• [Assignment]: Begin at the line where "Etihad Airline Creative Brief essay" appears and reproduce exactly every line through the end of the data below, both included, skipping pictures.

• [Dataset excerpt]:
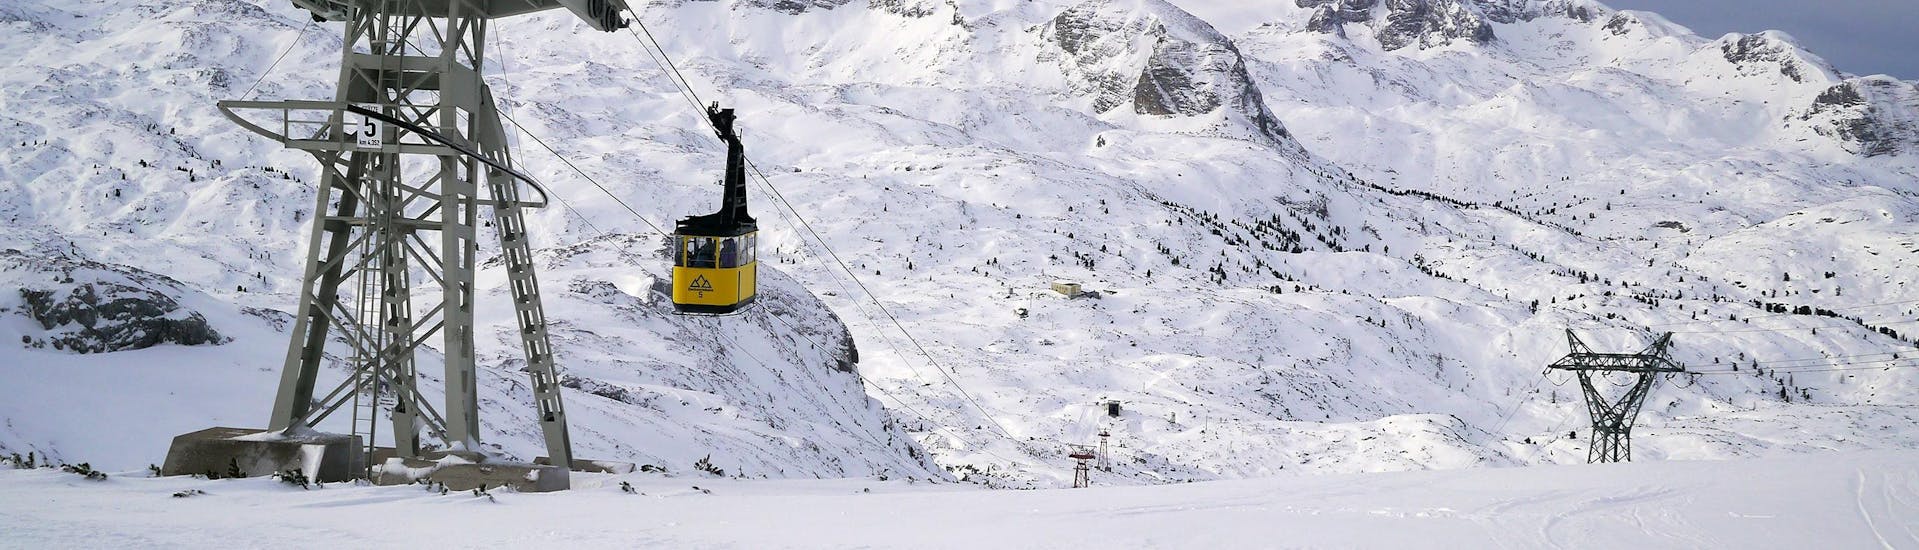 Blick auf die Gondel im verschneiten Skigebiet Dachstein Krippenstein in Oberösterreich, wo örtliche Skischulen ihre Skikurse anbieten.
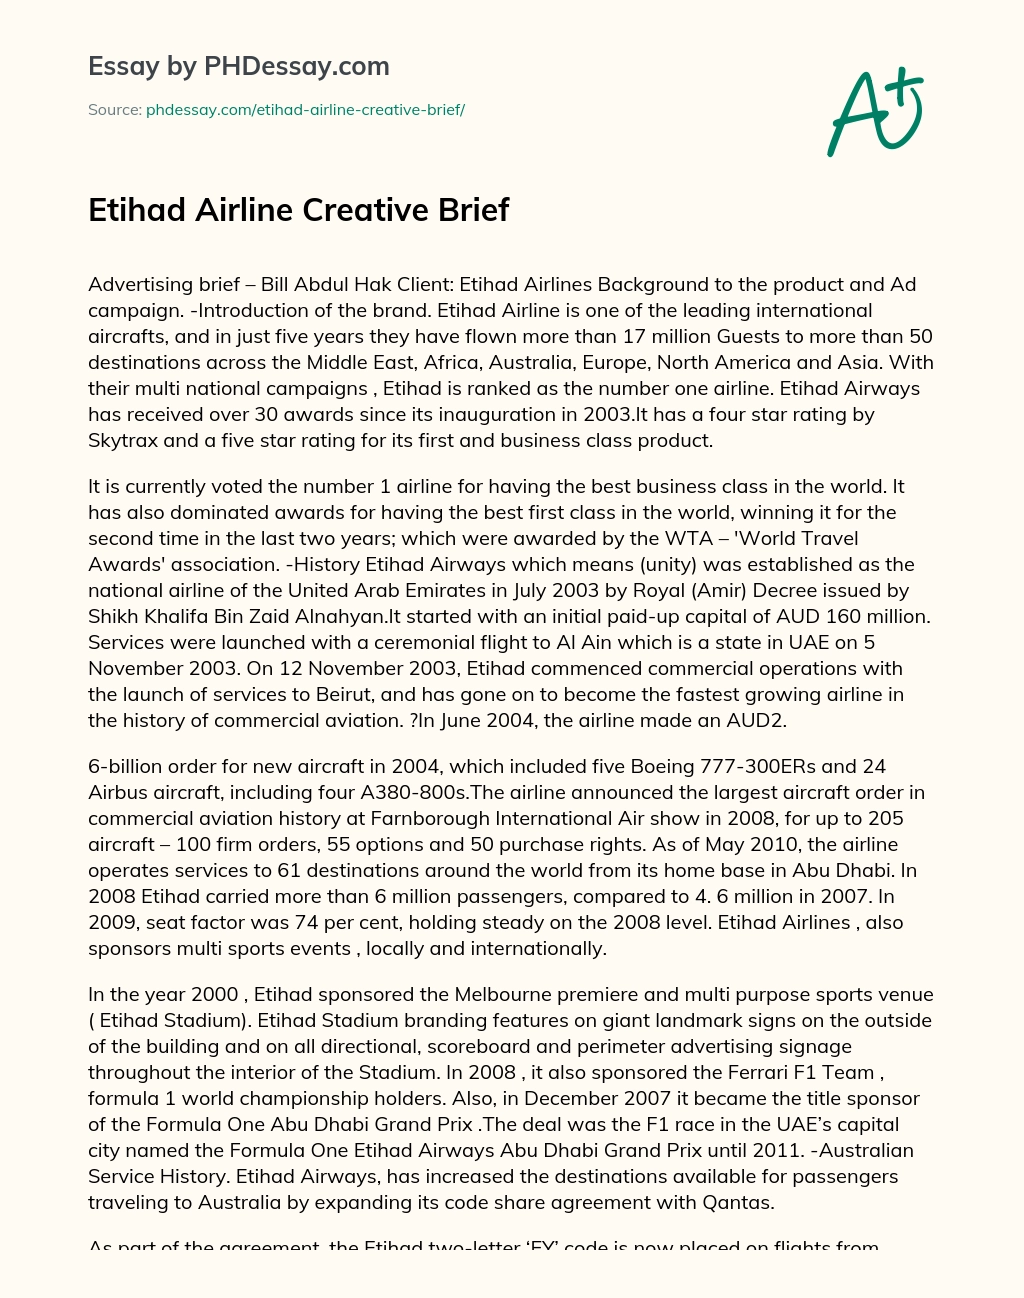 Etihad Airline Creative Brief essay
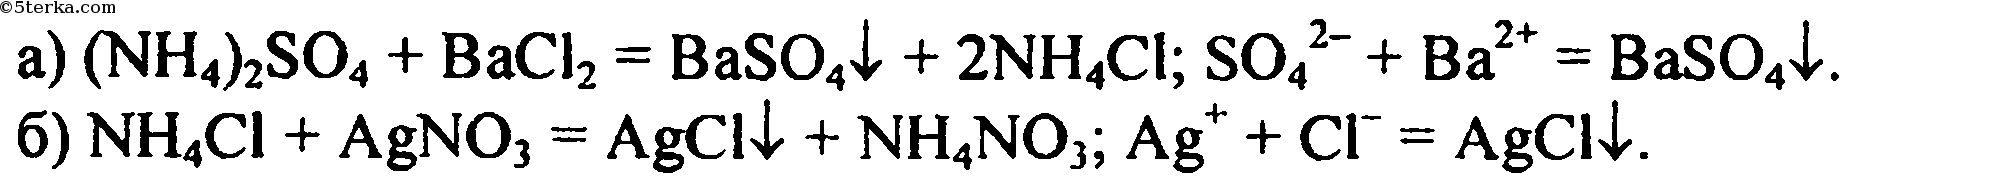 Реакция карбоната калия и нитрата серебра

• [Solved exercise]:
 Etihad Airline Creative Brief essay
 Реакция карбоната калия и нитрата серебра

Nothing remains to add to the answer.